Fragrant celery should be classified as celery or umbellate. This culture belongs to the group of spicy aromatic root crops. Fragrant celery is a biennial vegetable plant, which in the first year of life forms a rosette of leaves and a root, which will form a root crop. The next year, a flowering stem appears, and the seeds also ripen.

There are three groups of celery: leaf, root, and petiolate. As for the root variety, roots and leaves are eaten here, but petioles and leaves are used for leafy varieties. As you might guess from the name, stalked celery is especially prized for its stalks and leaves.

Both types of celery are grown in Russia today: both root and leaf. The plant can be grown in open and protected ground. The specific pleasant smell of this plant is due to the presence in its composition of an essential oil called sedanolide.

The use of fragrant celery

Celery leaves contain a large amount of vitamin C and vitamin A. As for root crops, it contains carotene, vitamin B and PP, as well as mineral salts and organic acids.

The greens of this culture can be consumed fresh. Also, greens can be salted, dried or frozen. Root vegetables can also be eaten fresh, and besides that, they can also be boiled and stewed as a side dish or as an independent dish.

Celery is used to prepare soups and main courses, various sauces and seasonings. Very often, celery is used for pickling and canning. Roots and petioles, like greens, can be dried and frozen.

Care and cultivation

For the favorable development of this celery, light soils are needed, with a neutral or slightly alkaline reaction. Potatoes, cabbage, tomatoes and cucumbers are ideal precursors for this crop.

The yield of this crop will be facilitated by its cultivation on sandy loam, loose, fertile soils or on cultivated peatlands. Manure should only be applied under the pre-celery crop. In the fall, the soil must be dug up to a depth of twenty centimeters, humus and superphosphate should be added. In the spring, you will need to feed the soil with a complex mineral fertilizer.

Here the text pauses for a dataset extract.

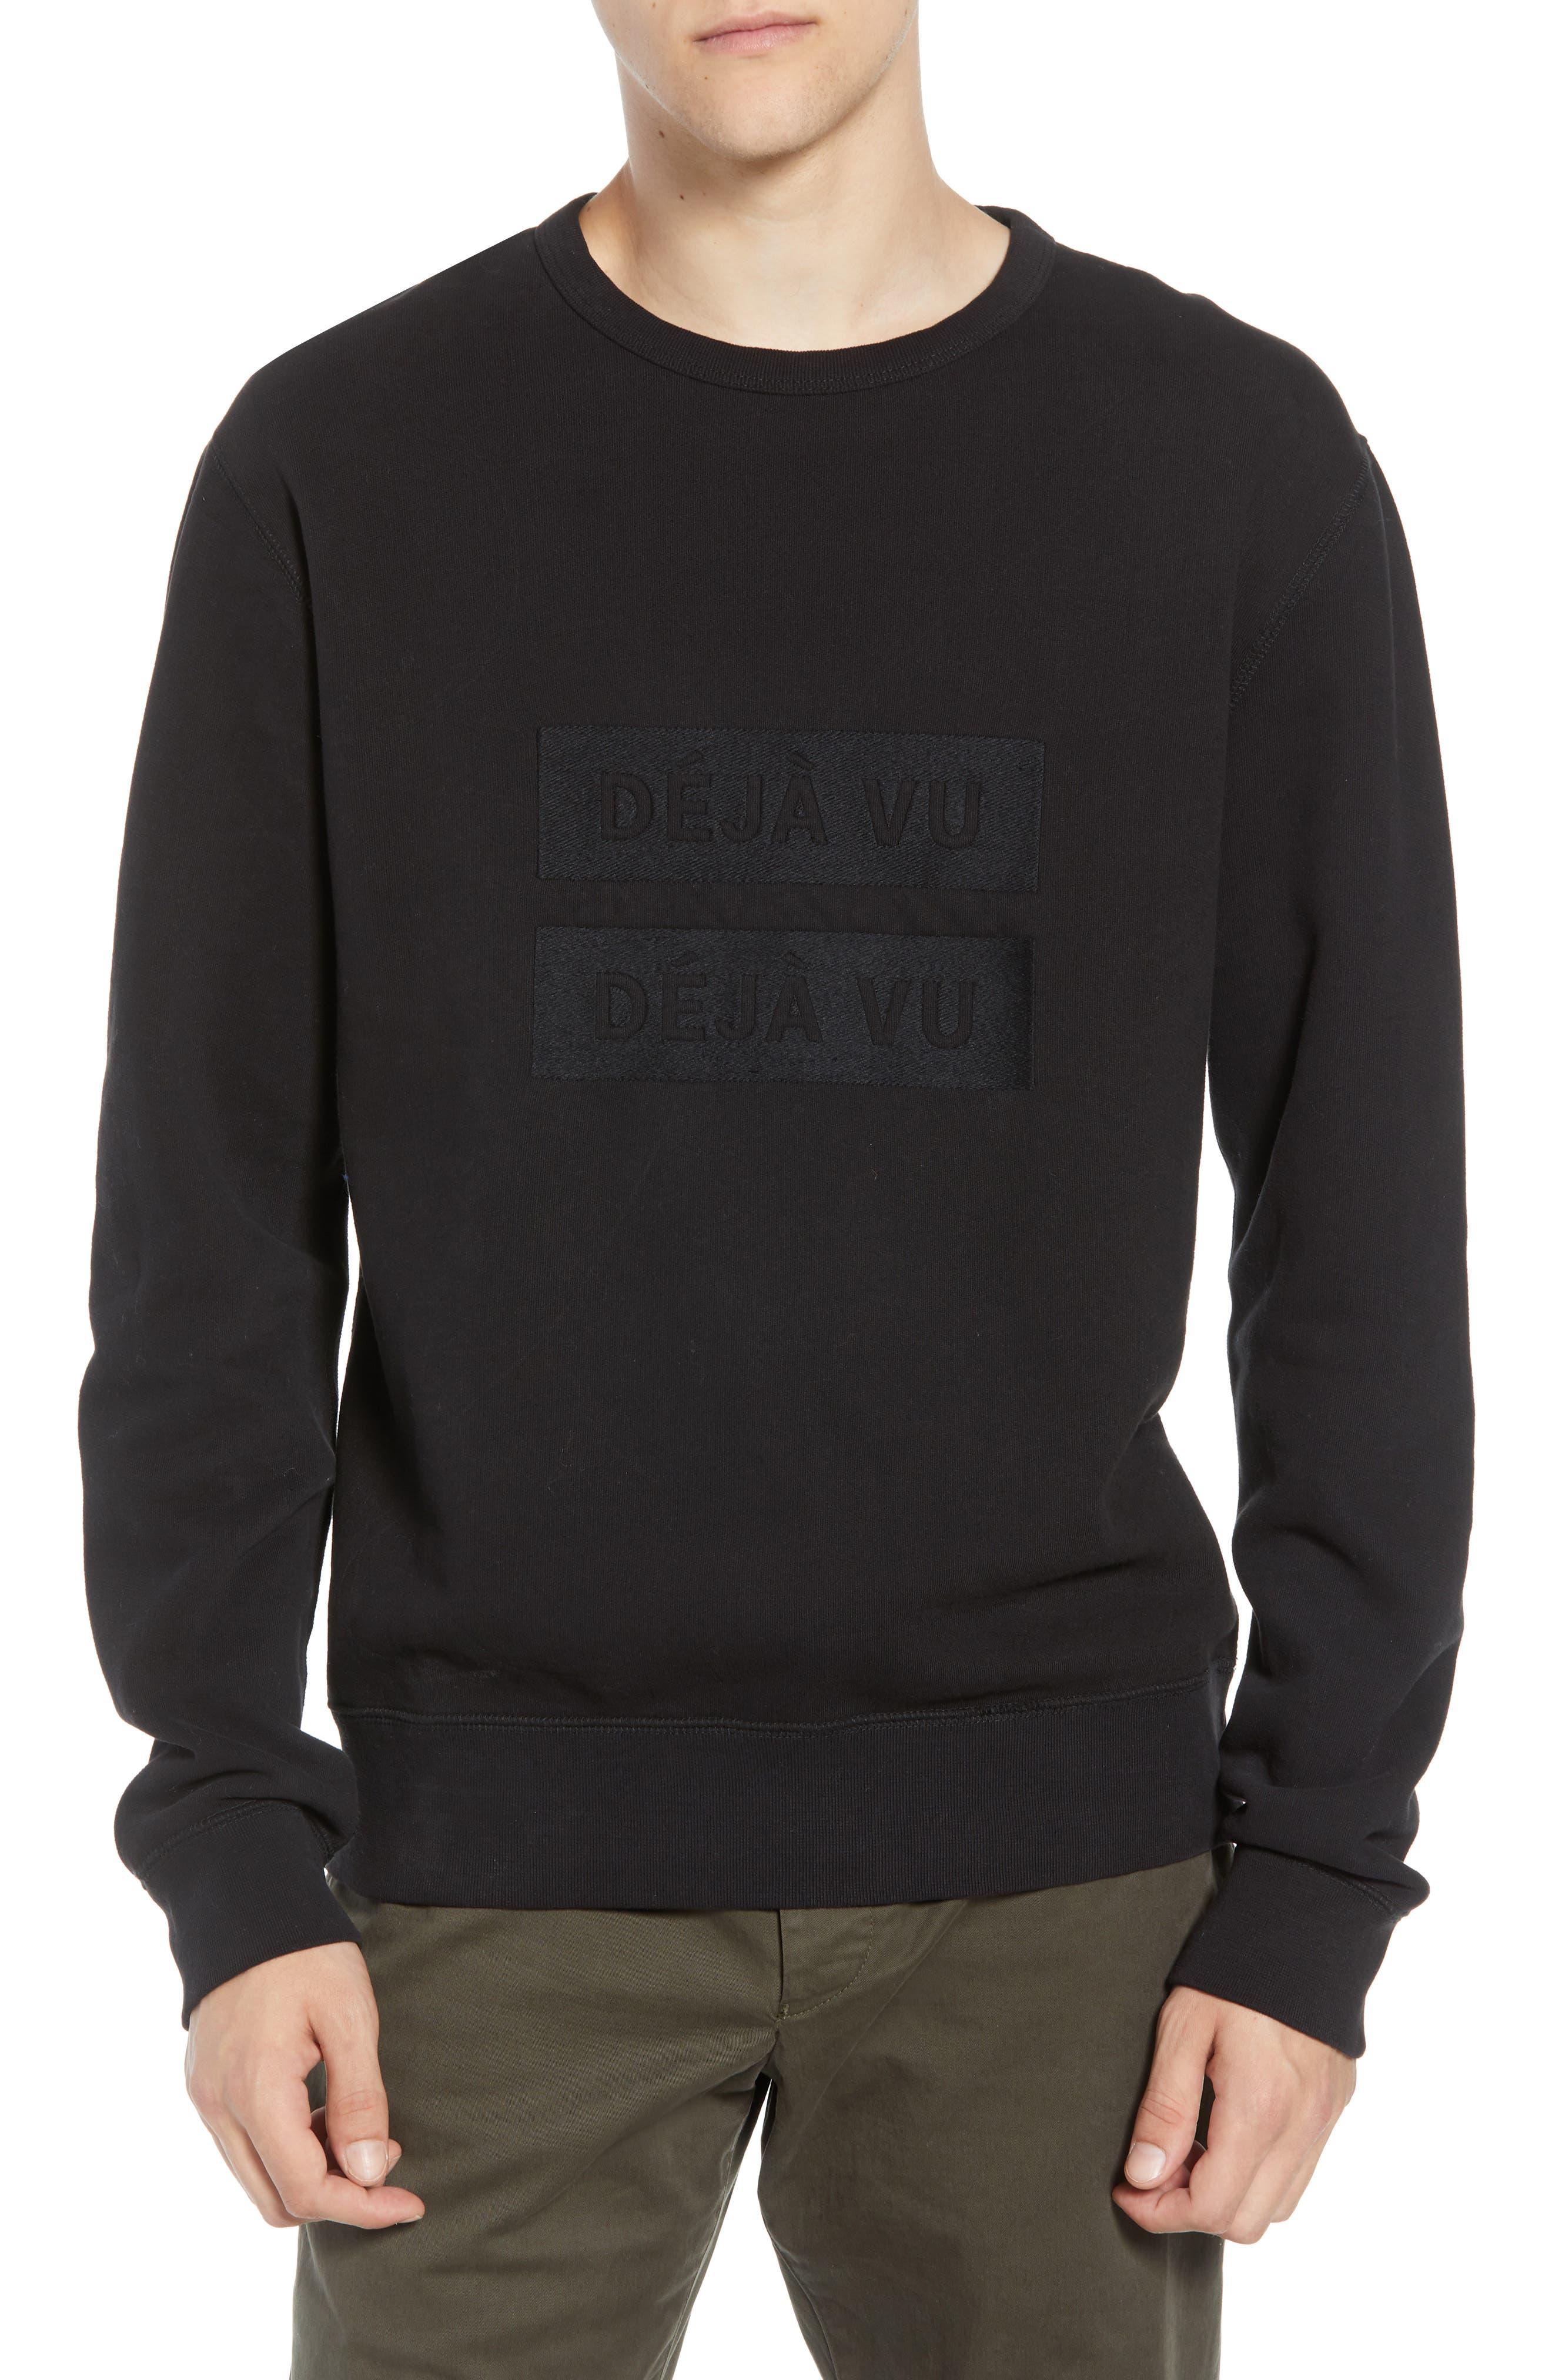 Déjà Vu Sweatshirt,                         Main,                         color, BLACK BLACK

You can plant both seedlings and seeds. The seedlings that are intended for planting should already contain at least four leaves. The ripening period for such seedlings will be about two to two and a half months. In open ground, seeds can be grown from mid-May, and seeds for seedlings are planted at the end of February or at the beginning of May.

Celery needs sunlight, which should not be forgotten when choosing a planting site. The row spacing in the bed should be about forty centimeters, planting in a checkerboard pattern is also permissible.

For competent care of this crop, it will be necessary to perform fertilizing twice per season: first two weeks after planting the seedlings, and then another three weeks after this moment. Potash and phosphorus fertilizers should be used as top dressing. Potassium works well for root celery, while leaf crops require both nitrogen and potassium.

The culture needs regular and fairly abundant watering. The ripening time for different varieties is very different.

Application in traditional medicine

Traditional medicine recommends the use of celery for kidney disease, rheumatism and bladder disease. For obesity and salt deposition, this culture can also have a beneficial effect. For diseases of the gastrointestinal tract, celery is also used as a medicine.